Maven Screen Media
- Formerly: Maven Pictures
- Industry: Motion picture
- Founded: May 2011
- Founder: Trudie Styler Celine Rattray
- Headquarters: New York, United States
- Services: Film production
- Website: www.mavenscreenmedia.com

= Maven Screen Media =

Maven Screen Media is an American film production company founded by Trudie Styler and Celine Rattray as Maven Pictures in 2011. It is based in New York City.
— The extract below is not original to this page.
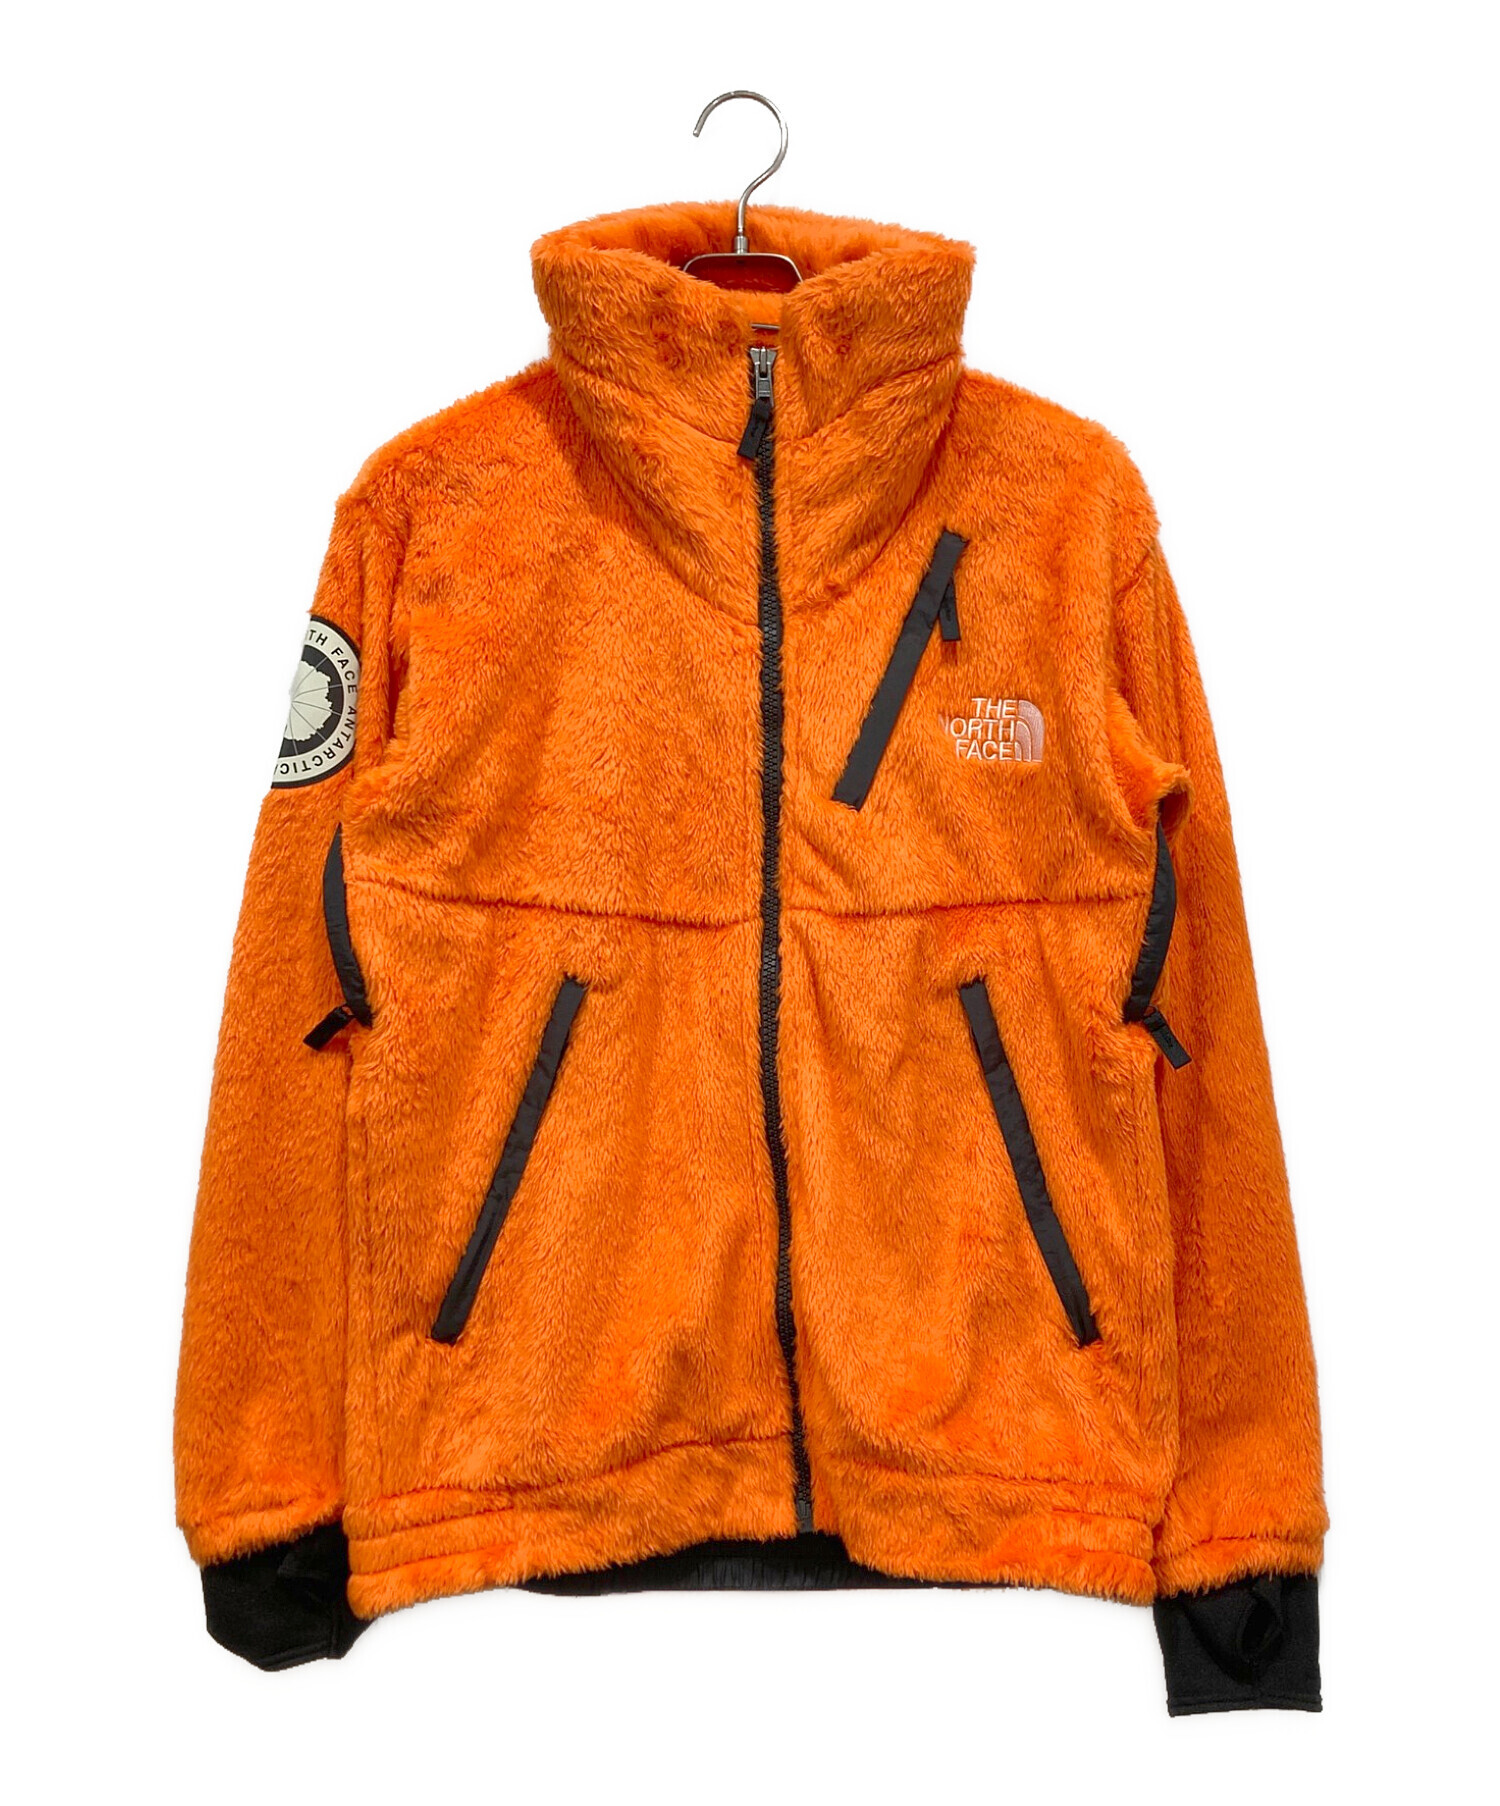 THE NORTH FACE (ザ ノース フェイス) Antarctica Versa Loft Jacket オレンジ サイズ:XL

==Collaborations and deals==
In February 2016, it was announced that Freckle Films has linked a first look overhead deal with Maven Pictures. Maven will provide development funds and cover overhead costs to acquire IP for Freckle and Maven to jointly produce. In July 2020, it was announced that Maven Pictures had been renamed Maven Screen Media. In August 2020, the company received an investment from the UK Creative Content EIS Fund, as it looks to focus more on UK film, television and digital projects.

==Filmography==
- Girl Most Likely (2012)
- Filth (2013)
- Black Nativity (2013)
- 10,000 Saints (2015)
- American Honey (2016)
- Novitiate (2017)
- Freak Show (2017)
- Kings (2017)
- Wildling (2018)
- Boarding School (2018)
- Human Capital (2019)
- Driveways (2019)
- A Mouthful of Air (2021)
- Silent Night (2021)
- With/In (2021)
- Infinite Storm (2022)
- Golda (2022)
- Unicorns (2023)
- Up Against It (2026)

==Upcoming projects==
Maven is in development of Courting Danger starring Olivia Cooke as Alice Marble, and Secret Life of Dr. James Miranda Barry starring Rachel Weisz as James Miranda Barry. Maven and Freckle Films have optioned The Magician’s Lie by Greer Macallister and Life and Other Near-Death Experiences by Camille Pagan.